The weights listed below were recorded in the !Kung census, but heights were not recorded for these individuals. Provide predicted heights and 89% intervals for each of these individuals. That is, fill in the table below, using model-based predictions.

| Individual  | weight  | expected height  | 89% interval  |
|:-:|:-:|:-:|---|
| 1   | 46.95   |   |   |
| 2  | 43.72  |   |   |
| 3  | 64.78  |   |   |
| 4  | 32.59  |   |   |
| 5  | 54.63  |   |   |

### Solution

```{r}
data(Howell1, package = "rethinking")
d <- as_tibble(Howell1)
d2 <- d %>% filter(age >= 18)

m <-
  brm(
    data = d2,
    family = gaussian,
    height ~ 1 + weight,
    prior = c(
      prior(normal(100, 30), class = Intercept),
      prior(normal(0, 10), class = b, lb = 0),
      prior(exponential(10), class = sigma)
    ),
    iter = 2000, warmup = 1000, chains = 4, cores = 4,
    save_pars = save_pars(all = T),
    sample_prior = T,
    seed = 4,
    file = file.path(models_folder, "04_hw4h1")
  )
nd <- tibble(weight = c(46.95, 43.72, 64.78, 32.59, 54.63))
p89 <- c((1-0.89)/2, ((1-0.89)/2) + 0.89)
# fitted(m, newdata = nd, probs = p89)
predict(m, newdata = nd, probs = p89)
```


## Book question 4H2

Select out all the rows in the Howell1 data with ages below 18 years of age. If you do it right, you should end up with a new data frame with 192 rows in it.

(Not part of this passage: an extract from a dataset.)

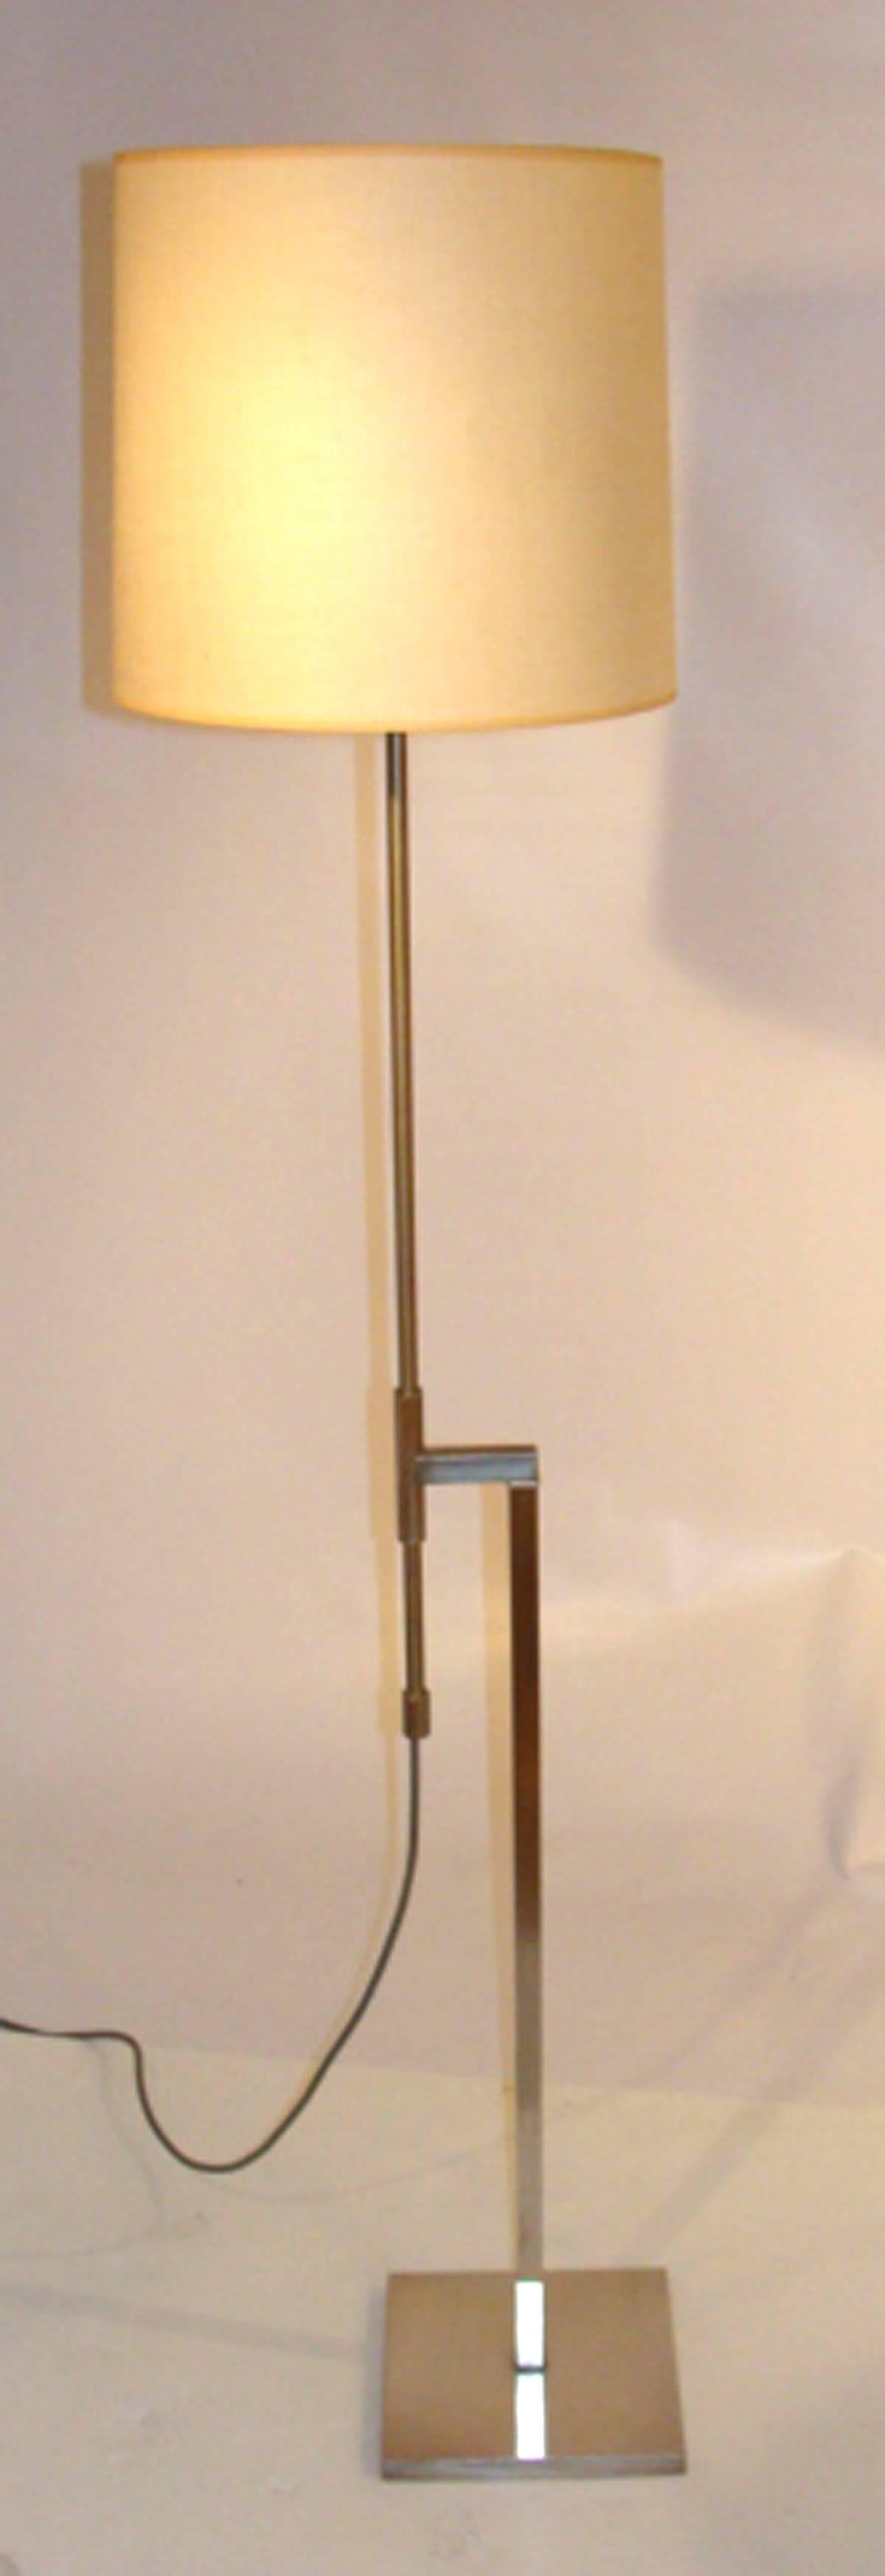 Outstanding adjustable height floor lamp by Laurel Lamp Co. having original shade, harp and finial. Superb original condition.

(a) Fit a linear regression to these data, using quap. Present and interpret the estimates. For every 10 units of increase in weight, how much taller does the model predict a child gets?
(b) Plot the raw data, with height on the vertical axis and weight on the horizontal axis. Superimpose the MAP regression line and 89% interval for the mean. Also superimpose the 89% interval for predicted heights.
(c) What aspects of the model fit concern you? Describe the kinds of assumptions you would change, if any, to improve the model. You don’t have to write any new code. Just explain what the model appears to be doing a bad job of, and what you hypothesize would be a better model.

### Solution

```{r}
data(Howell1, package = "rethinking")
d <- as_tibble(Howell1)
d1 <- d %>% filter(age < 18) %>% mutate(weight_c = weight - mean(weight))

m1 <- 
  brm(
    data = d1,
    family = gaussian,
    height ~ 1 + weight_c,
    prior = c(
      prior(normal(100, 30), class = Intercept),
      prior(normal(0, 10), class = b, lb = 0),
      prior(exponential(10), class = sigma)
    ),
    iter = 2000, warmup = 1000, chains = 4, cores = 4,
    save_pars = save_pars(all = T),
    sample_prior = T,
    seed = 4,
    file = file.path(models_folder, "04_hw4h2")
  )
summary(m1)

nd <- tibble(weight = seq(5, 45), weight_c = weight - mean(d1$weight))
f <- fitted(m1, newdata = nd) %>% bind_cols(nd)
p <- predict(m1, newdata = nd) %>% bind_cols(nd)

d1 %>% 
  ggplot(aes(x = weight, y = height)) + 
  geom_ribbon(
    aes(x = weight, y = Estimate, ymin = Q2.5, ymax = Q97.5), 
    data = p, fill = "grey"
  ) + 
  geom_ribbon(
    aes(x = weight, y = Estimate, ymin = Q2.5, ymax = Q97.5), 
    data = f, fill = "blue"
  ) + 
  geom_point()
```

(a) On average, we expect an increase by 2.7 cm for each 1 kg.
(b) See above.
(c) The relationship between weight and height is not linear. Note the model underestimates the height for central weight values and overestimates for low/high values.
Maybe a quadratic or logarithmic model would be better here.